Earlier, aerial photographs have been used to extract geological lineaments to understand the structural deformation (Lattman 1958). The advancement of technology and introduction of remote sensing have made geological mapping easier than ever before (Farina et al. 2005). Therefore, it is observed that remote sensing data and GIS software are extensively used to extract lineaments (Qari 1991; Qari and Şen 1994; Chang et al. 1998; Suzen and Toprak 1998; Arlegui and Soriano 1998; Leech et al. 2003; Nama 2004; Chandrasekhar et al. 2011; Teixeira et al. 2013; Das and Pardeshi 2018). Automatic extraction techniques are developed in late twentieth century; since then, several works have been carried out by different authors (Zlatopolsky 1992, 1997; Majumdar and Bhattacharya 1998; Costa and Starkey 2001; Mostafa and Bishta 2005); however, many researchers also focused on extraction of lineaments manually from Digital Terrain Model (DTM) or high-resolution satellite images (Henderson et al. 1996; Chaabouni et al. 2012; Raj et al. 2017). Manual extraction of lineament is more common when the objective is limited to trace only geological features (Das and Pardeshi 2018). Automatic extraction combines the information of both the geological as well as surface features present on the earth’s surface.

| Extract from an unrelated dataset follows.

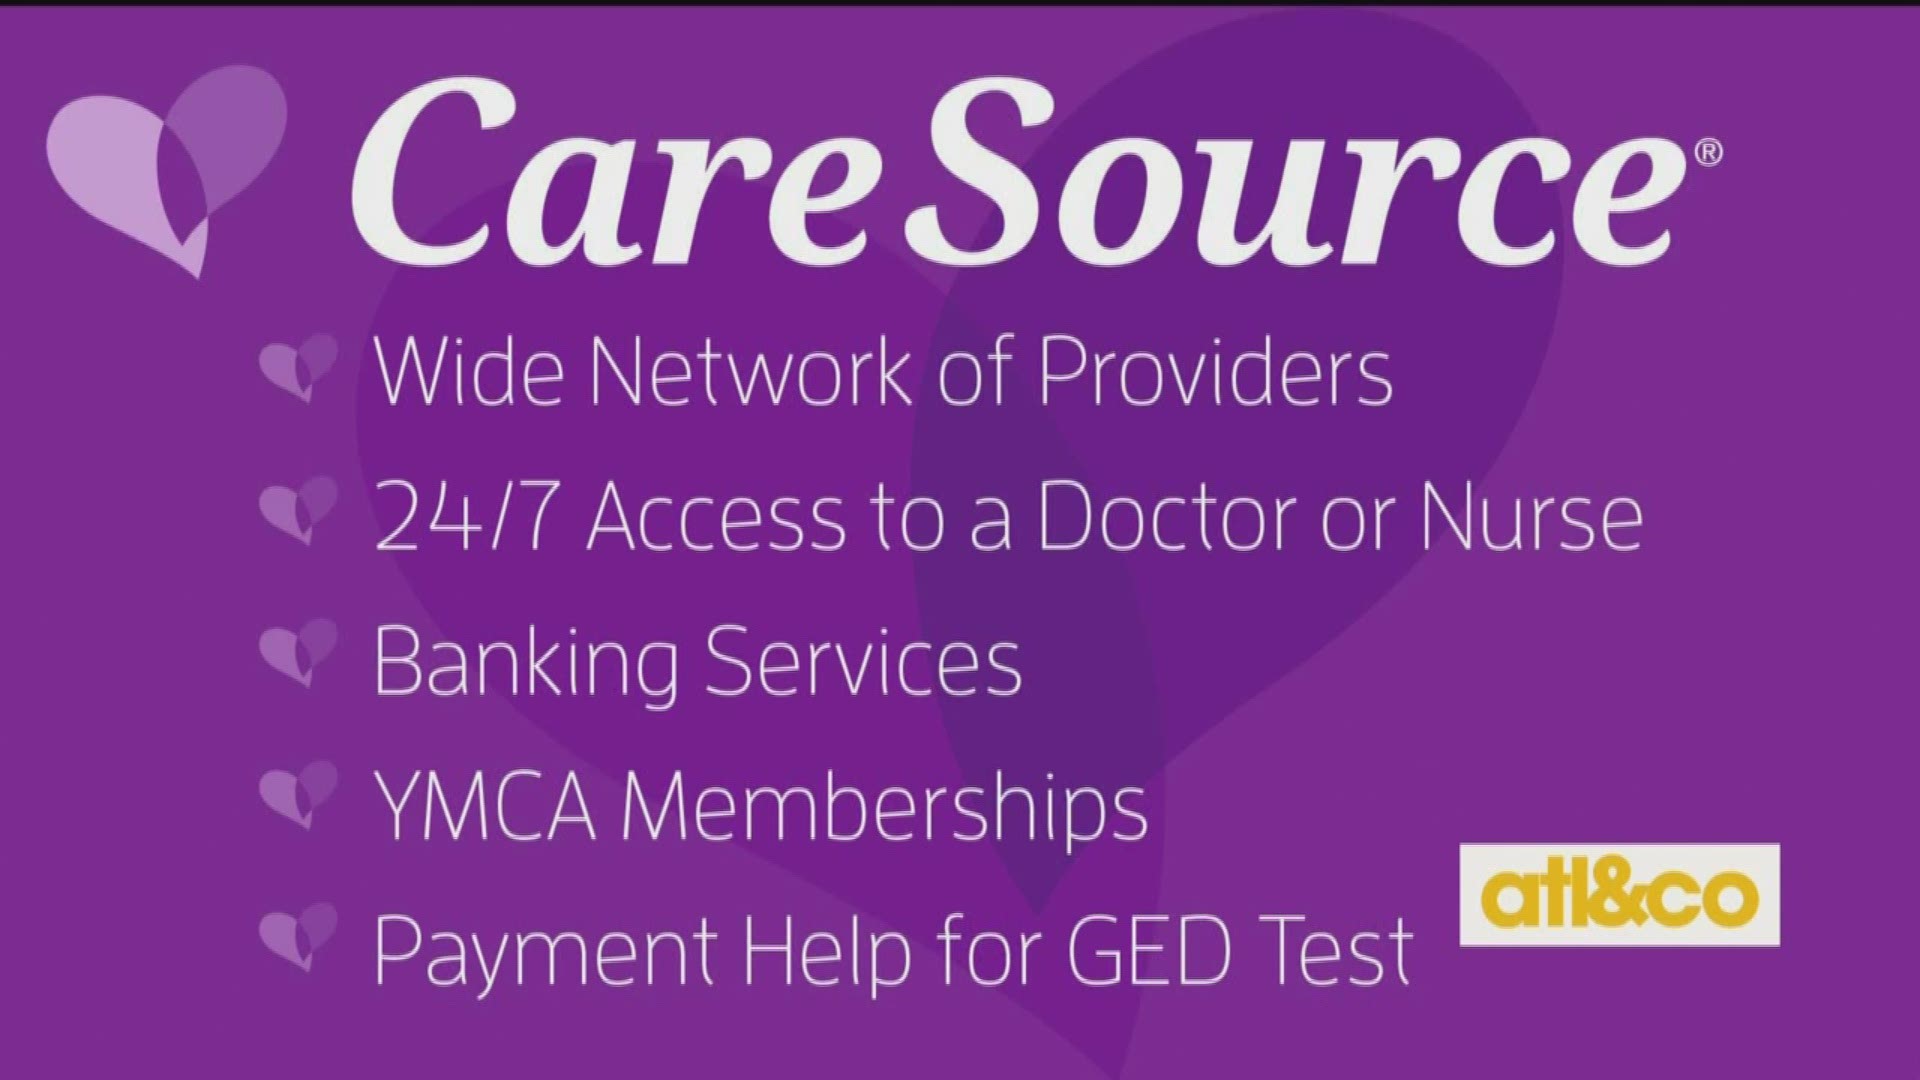 Caresource compared to other care providers cigna procedure codes

Review of earlier literature reveals that only a few researchers have made effort to extract lineaments and interpreted the structural features of the Pravara basin (Bondre et al. 2006). However, these studies are highly regional and describe a very general picture of geological lineaments and their orientation. Compared to the previous studies, this paper delivers the most comprehensive information of geological lineaments in the study area.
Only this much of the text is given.